Price Range: Bitcoin: $3,236.76 to $73,083.50 , S&P 500: $2,237.40 to $5,667.20.
Mean: Bitcoin: $26,747.53 , S&P 500: $3,826.56.
Standard Deviation: Bitcoin: $19,162.96 , S&P 500: $776.83.
My Insight: Bitcoin’s price fluctuates more than the S&P 500, shown by its higher standard deviation and wider price range.
# Resampling Bitcoin data and S&P 500 data to 6-month intervals and get the last non-NA value for each period.
b_resample <- b_data %>%
group_by(Date = floor_date(Date, "6 months")) %>%
summarise(Adj_Close = tail(.data[[bit_CC]][!is.na(.data[[bit_CC]])], 1))
s_resample <- sp_data %>%
group_by(Date = floor_date(Date, "6 months")) %>%
summarise(Price = tail(.data[[s500_CC]][!is.na(.data[[s500_CC]])], 1))
# Merging the resampled S&P 500 and Bitcoin datasets based on the Date column.
merge_d <- inner_join(s_resample, b_resample, by = "Date")
# Calculating the correlation coefficient between the S&P 500 and Bitcoin.
merge_d <- merge_d %>%
mutate(Correlation = cor(Price, Adj_Close, use = "complete.obs"))
# Plotting the trend of S&P 500 and Bitcoin over six years.
s500_plot <- ggplot(sp_data, aes(x = Date, y = .data[[s500_CC]])) +
geom_line(color = "royalblue") +
ggtitle("Six-Year S&P 500 Price Trend") +
xlab("Date") + ylab("S&P 500 Price") +
theme_minimal()
b_plot <- ggplot(b_data, aes(x = Date, y = .data[[bit_CC]])) +
geom_line(color = "orange") +
ggtitle("Six-Year Bitcoin Price Trend") +
xlab("Date") + ylab("Bitcoin’s Adjusted Closing Value") +
theme_minimal()
# Plotting the 6-month rolling correlation between S&P 500 and Bitcoin
c_plot <- ggplot(merge_d, aes(x = Date, y = Correlation)) +
geom_line(color = "red") +
ggtitle("Half-Year Correlation Analysis: S&P 500 and Bitcoin") +
xlab("Date") + ylab("Correlation") +
theme_minimal()
# Printing the plots
print(s500_plot, width = 4, height = 2)
print(b_plot, width = 4, height = 2)
print(c_plot, width = 4, height = 2)
Visual analysis:
S&P 500 Price Trend Over Six Years:
Bitcoin Price Trend Over Six Years:
Extreme price volatility with overall upward trajectory.
Key observations: - Started below $10,000 in 2019. Multiple dramatic price surges, peaking above $60,000 in late 2021 and 2024. Significant corrections following major price increases.
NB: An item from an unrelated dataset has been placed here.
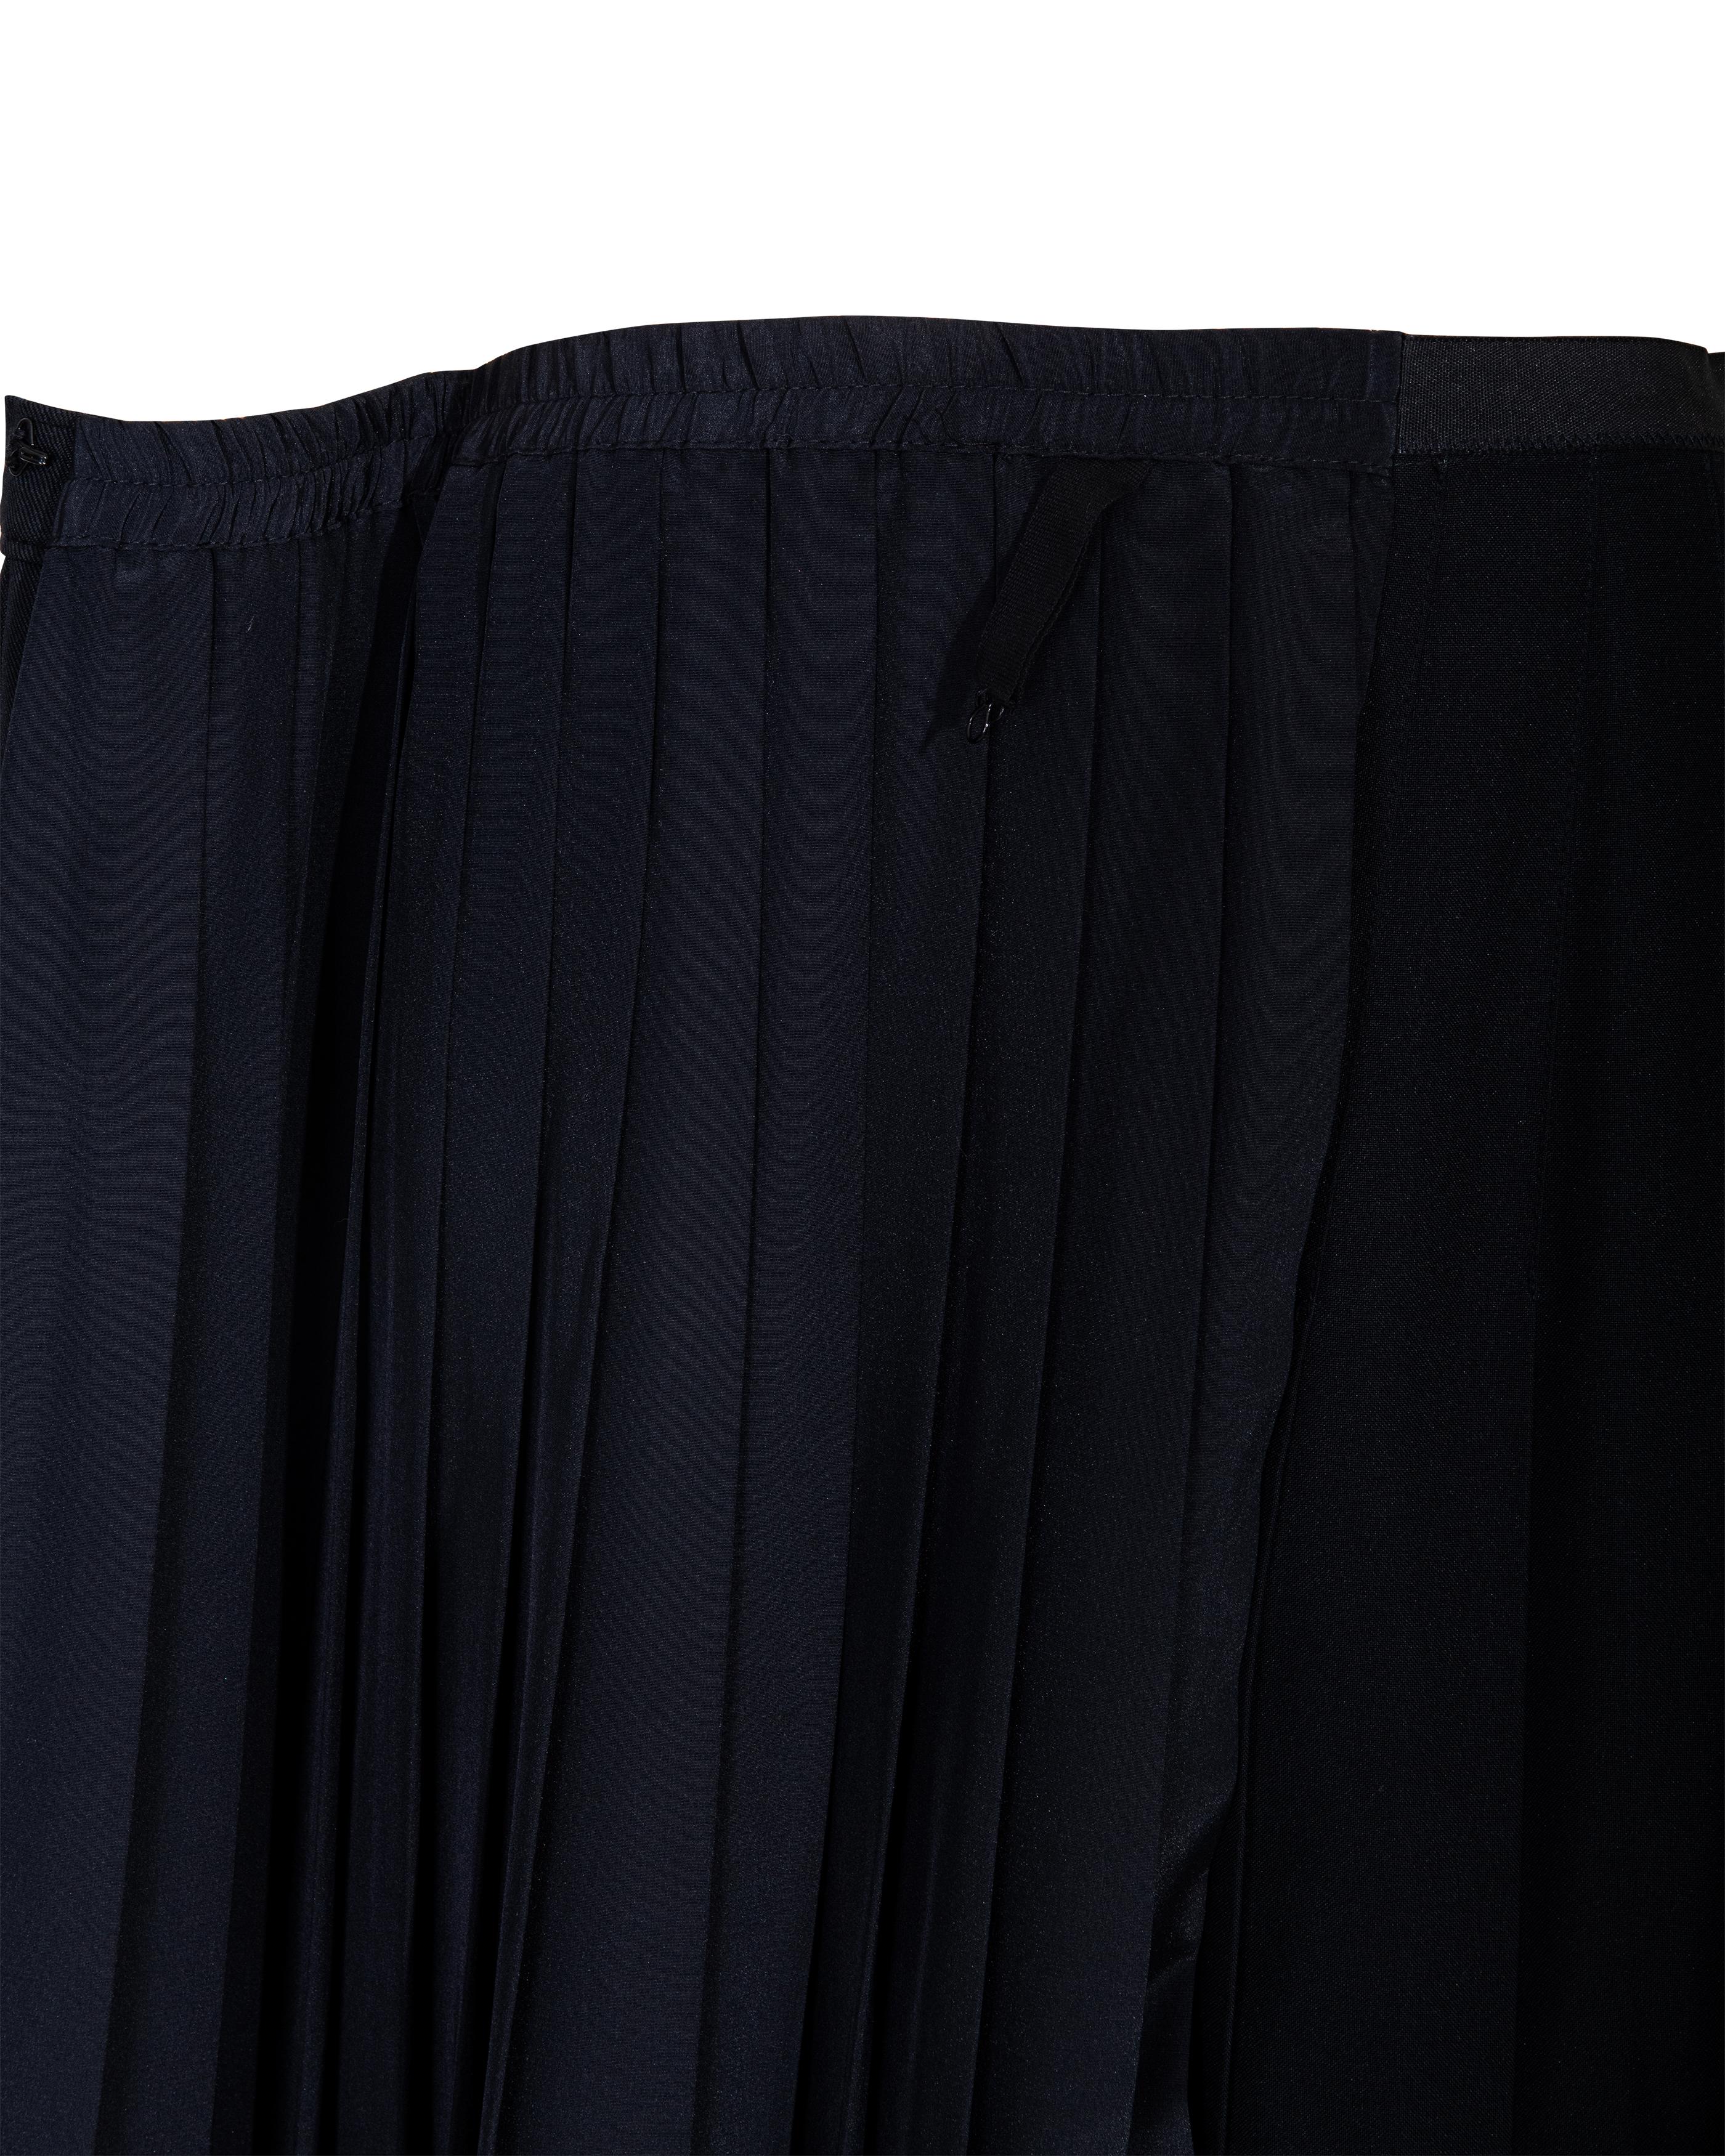 S/S 2001 Maison Martin Margiela One-of-One Black Pleated Artisanal Maxi Skirt For Sale 4

Much higher price fluctuations compared to S&P 500.
6-Month Rolling Correlation Between S&P 500 and Bitcoin:
# Merge S&P 500 and Bitcoin datasets by Date, resampling them to ensure alignment
merge_d <- inner_join(sp_data, b_data, by = "Date")
# Verify column names
print(colnames(merge_d))
## [1] "Date" "Price" "Adj.Close"
# Compute the correlation coefficient between S&P 500 and Bitcoin
correlation_coefficient <- cor(merge_d[[s500_CC]], merge_d[[bit_CC]], use = "complete.obs")
# Print the correlation coefficient
print(paste("Correlation Coefficient between S&P 500 and Bitcoin:", correlation_coefficient))
## [1] "Correlation Coefficient between S&P 500 and Bitcoin: 0.897674934899167"
# Scatter plot to visualize the relationship between S&P 500 and Bitcoin
s_plot <- ggplot(merge_d, aes(x = .data[[s500_CC]], y = .data[[bit_CC]])) +
geom_point(color = "brown") +
ggtitle("Market Behavior: S&P 500 vs. Bitcoin") +
xlab("S&P 500 Price") +
ylab("Bitcoin Price") +
theme_minimal()
# Print the scatter plot
print(s_plot, width = 4, height =2)
Analysis of Relationships:
Key Insights from Scatter Plot and Correlation Data:
Strong Positive Relationship: The correlation coefficient of about 0.90 tells me there’s a remarkably strong positive relationship between S&P 500 and Bitcoin prices.
Visual Confirmation: The scatter plot really brings this relationship to life. I can clearly see the upward trend - as S&P 500 prices increase, Bitcoin prices tend to rise.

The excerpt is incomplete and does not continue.